Here are some observations, gathered from watching countless, buyers, sellers and brokers work through the sales process on a variety of types of boats. Whilst no two boats or deals are the same, here are a few consistent items I’ve noticed along the way from my perspective as a Marine Surveyor;
1/ Deal with professionals
To sell your boat I would strongly recommend dealing with a reputable broker and brokerage. Anecdotally I see far more deals fall over at some stage, or never get to the survey or sea trial process with private sales than I do through reputable brokerages. In my observation the skills of a good broker in keeping everything on track during the sales process will give you a better outcome, not to mention the marketing reach and database they have access to. Consider also the risk and legal aspect associated with a private sale including handling of deposits, trust accounts, contracts of sale, insurance to name a few, I have seen enough private sales and many well north of 1M get "complicated" to consider this worthy of mention.

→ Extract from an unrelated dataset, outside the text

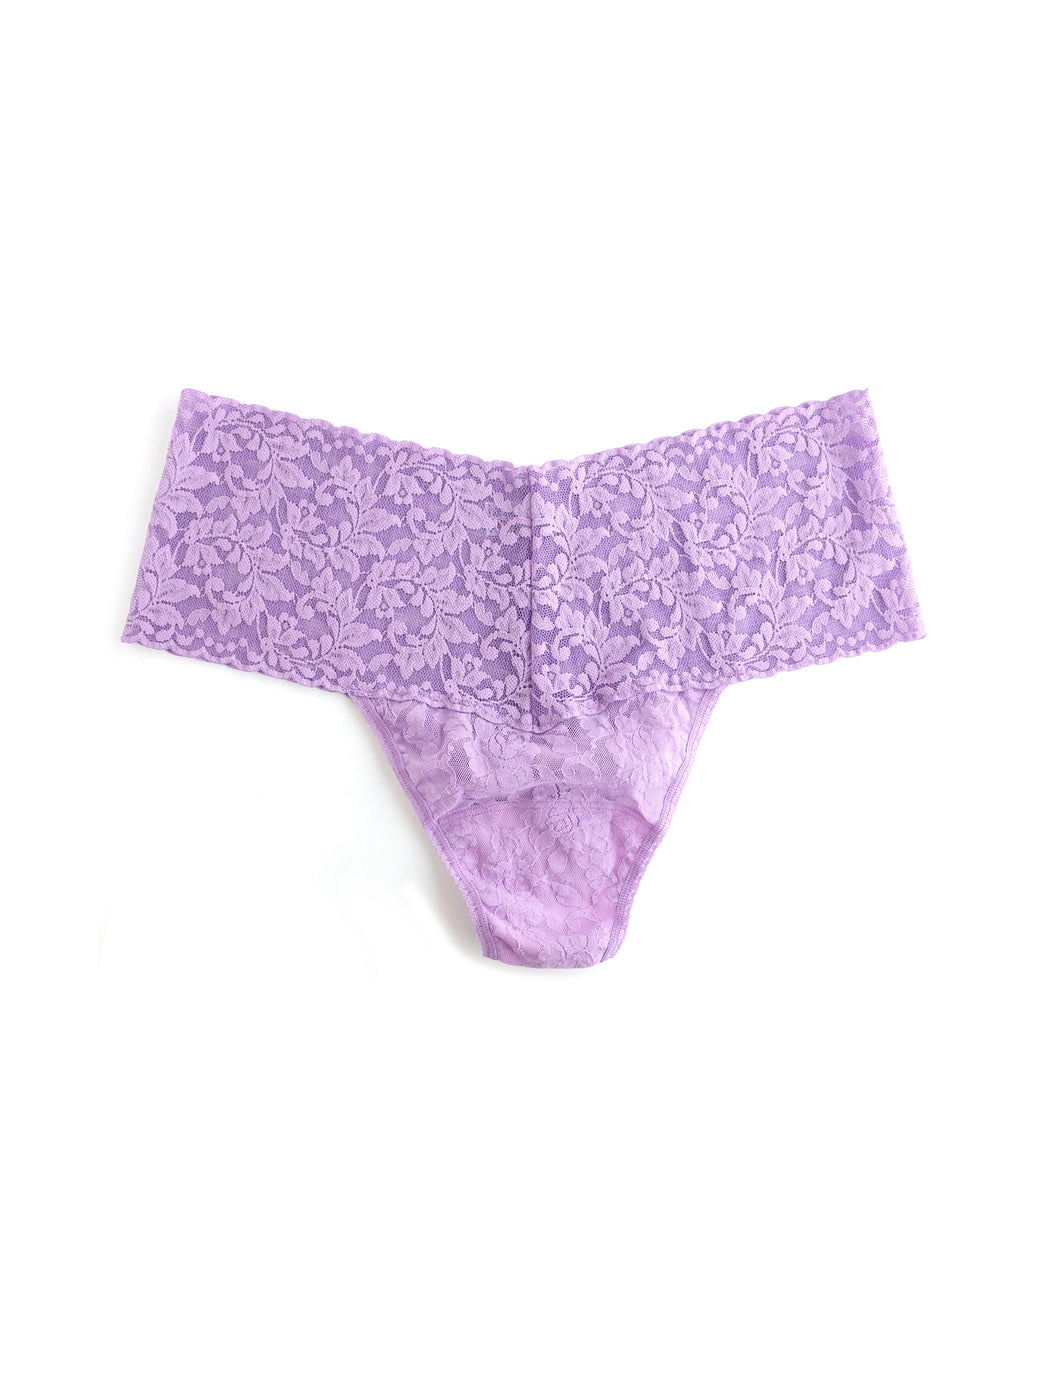 Plus Size Retro Lace Thong Lavender Sachet Purple

2/ Have maintenance records
Compile and copy or scan or make the maintenance records for the vessel, main engines and generator available upfront. My observation is that, without this, people will tend to make assumptions about what costs they may be facing in the short term and will often factor any "unknowns" into their offer.
3/ Ensure the vessel is in good order
Usually in the sale process there is a Sea trial and survey as a condition of sale. Normal wear and tear, and some maintenance items are expected and accepted by most buyers these tend not to be deal breakers nor return people to the negotiation table. What tends to have people revise offers or even walk away from deals is when a lot of equipment is not operational or doesn’t function normally. If there are items needing attention /or not operable, my observation is that when everyone is clear from the outset about this, then these items are less often "deal breakers", whilst “surprises" tend to have a more detrimental effect on the deal.
4/ Minimise the random items on board
Some, but not all of the various items that accumulate on board will be relevant to the boat and therefore support the asking price, Things like Mooring lines and fenders Specific / fitted / tailored bedding - Safety gear, (in service), Spares, Cutlery, Tender, spare anchor, spares for main engines and generator such as impellers, filter cartridges could all be viewed as of value. Other less specific or lower value items like snorkelling gear, rusty tins of WD40, old fishing gear, old flares etc etc generally speaking are a distraction and make the boat appear cluttered.
5/ Remove anything not included in the sale
Do this before listed, photographed or displayed, if this can’t be avoided then seller, broker and buyer need to be totally clear on what is, and isn’t from the outset. Easier said than done if you are talking about multiple items. I have seen buyers become upset on principle over folding chairs that were on board during original viewing but then removed prior to the second inspection.
6/ Presentation is key
A boat which has been kept well and or recently professionally polished and waxed, and detailed, will tend to get better and more offers than something that hasn't. If this isn’t possible then the next best scenario is to have the boat clean, washed and presented as neatly as possible. Similarly, where the boat is kept and the convenience of access to it, will have an influence simply because if access to the boat is difficult then this will limit inspections and offers from buyers.